Formal proof checkers like Isabelle actually use higher-order logic instead of first-order ZFC as a basis.

There is also some argument to be made that categoricity is more important than completeness, since completeness of a proof system turns out to be not a plausible property anymore once self-referential statements, like the Gödel sentence, get involved. But that would lead me too far afield, and it isn't the standard opinion, which favors completeness over categoricity.

[openasocket]

I’m uncertain what your point is. Like I said, in ZFC, there is no bijection from A to its power set. I don’t think anything you’ve stated contradicts that. Are there alternative axiom systems in which you can construct such a bijection?

[cubefox]

There is no bijection (surjection, to be more general) from A to P inside your ZFC model even if both A and P are assumed to be countable. The bijection we talk about here would be just another object inside the model. So you can't infer from the lack of such an object that P is uncountable.

[openasocket]

Yeah, Cantors theorem is a theorem written in the language of ZFC set theory. In other axiom systems it may not be true. But you can also say that about literally every theorem beyond, like, modus ponens. Is that the point you are trying to make?

[cubefox]

The point is simply that it doesn't imply the existence of uncountable sets in ZFC. Modus ponens is different. The semantic entailment relation ⊨ between (P→Q, P) and Q is valid iff there is no model such that the former is true and the latter is false. Which is a sentence in plain English. It doesn't require the existence of some object that is mapping the premises to the conclusion inside the model. It doesn't even require the existence of a syntactic deduction rule (⊢) that tells you from (P→Q, P) to infer Q.

[ginnungagap]

It is a theorem of ZFC that uncountable sets exist and every model of ZFC will have a set that the model believes to be uncountable. It doesn't matter than the metatheory might believe that model to be countable (why should the metatheory have the correct notion of what it means to be countable anyway?).

[cubefox]

> It is a theorem of ZFC that uncountable sets exist

This is simply false, as I already explained.

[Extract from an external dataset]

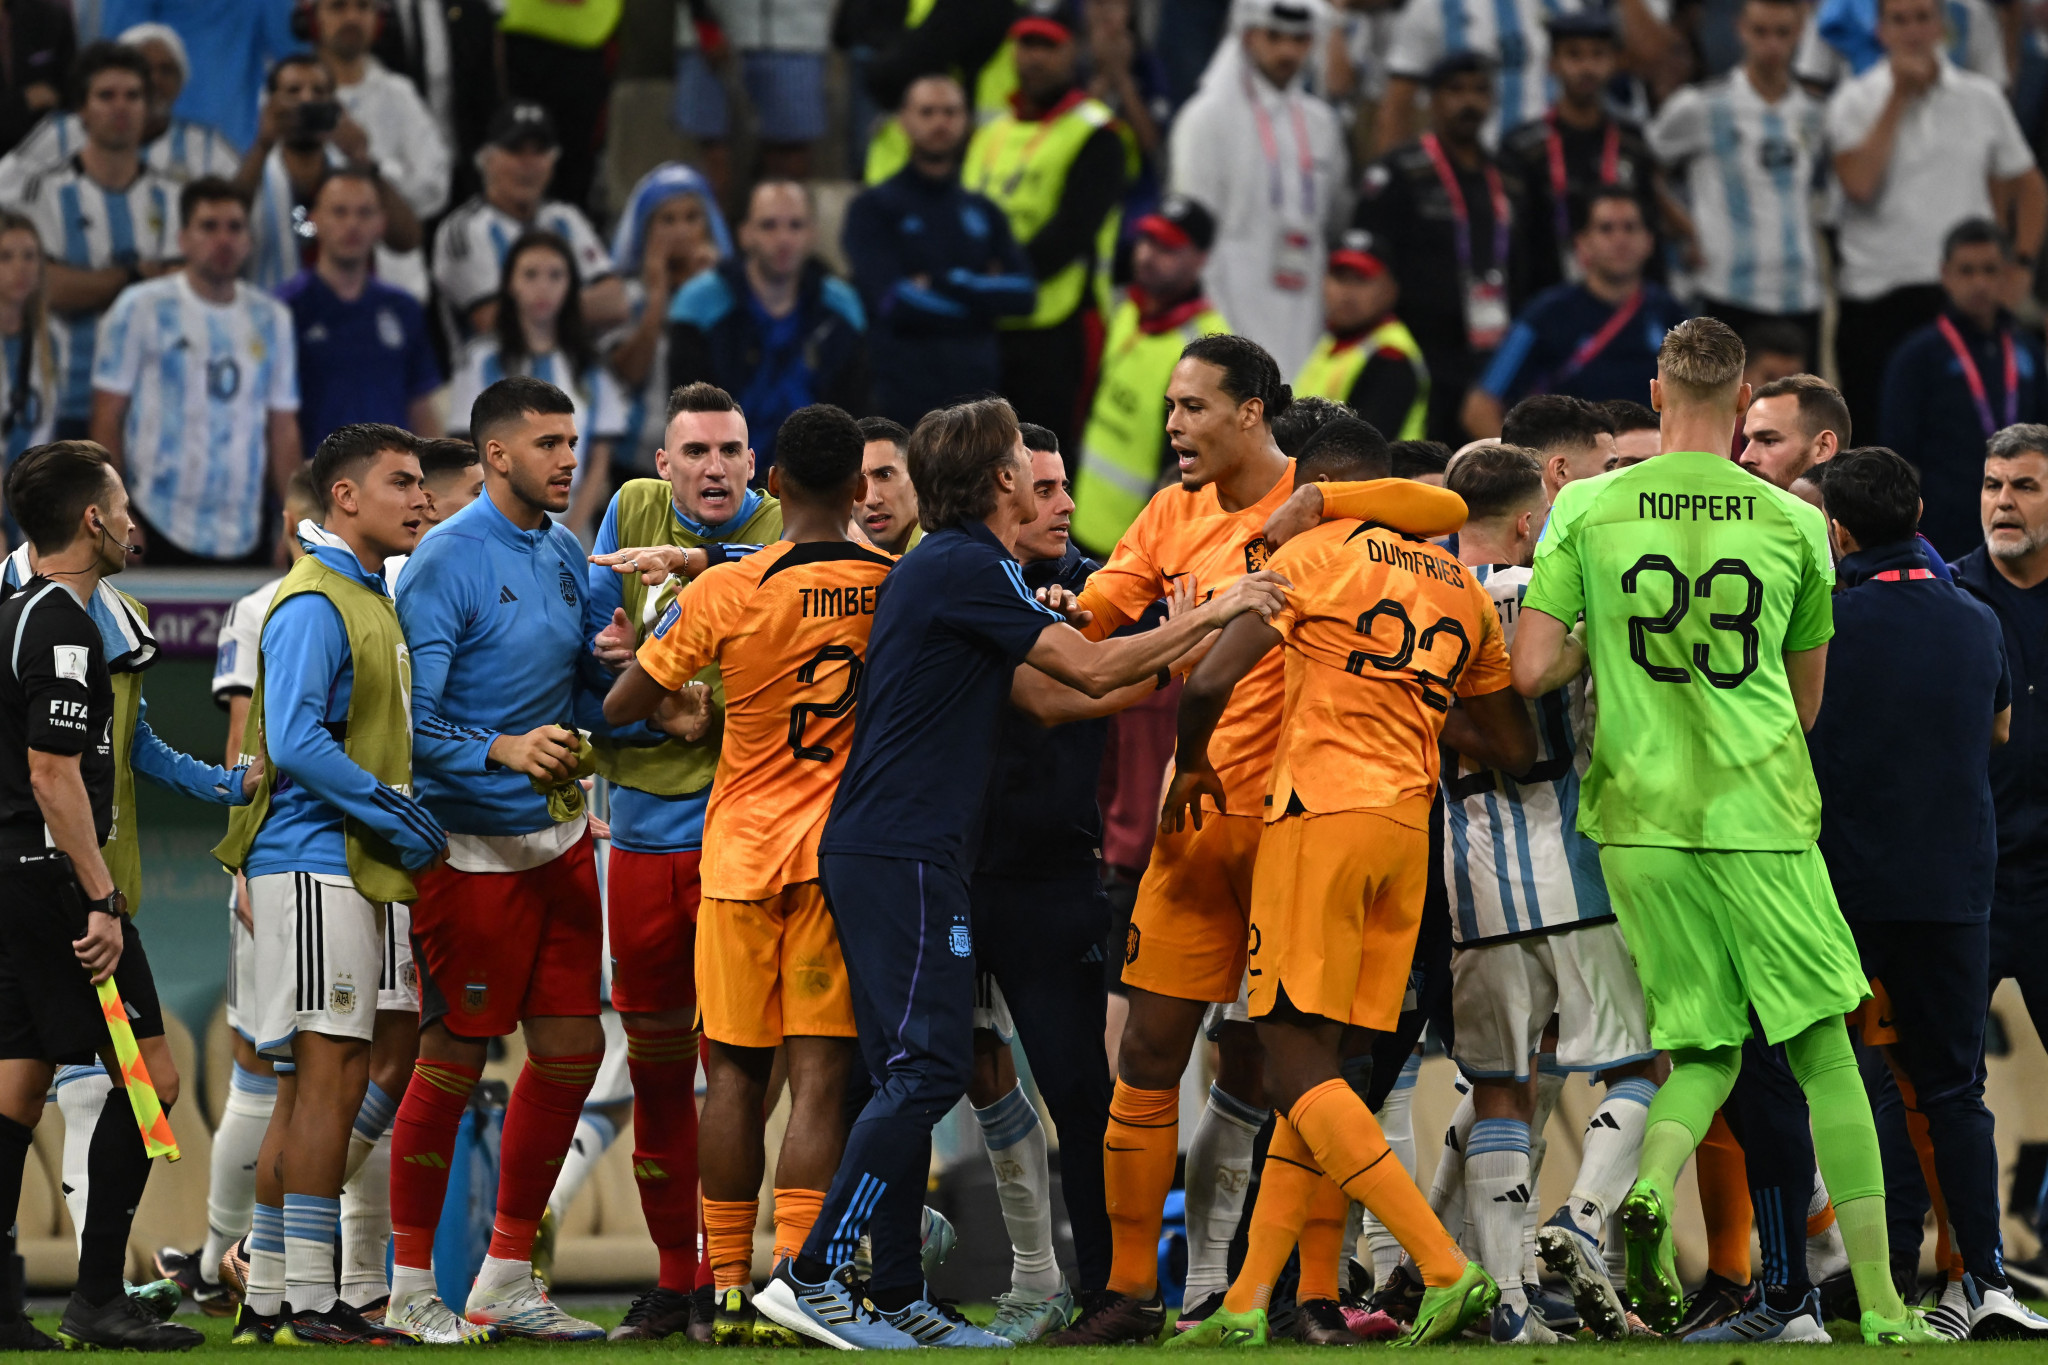 There were scuffles throughout and at the conclusion of the quarter-final between the Netherlands and Argentina ©Getty Images

> and every model of ZFC will have a set that the model believes to be uncountable.

That is something else. (And I wouldn't use the nebulous term "believes" here, it's just that the model lacks an object which maps A to P.)

> It doesn't matter than the metatheory might believe that model to be countable (why should the metatheory have the correct notion of what it means to be countable anyway?).

"The meta theory" here is simply sentences expressed in natural language, or beliefs held by people expressing those sentences. It is the language in terms of which everything formal is ultimately defined. It's the only thing that ultimately matters.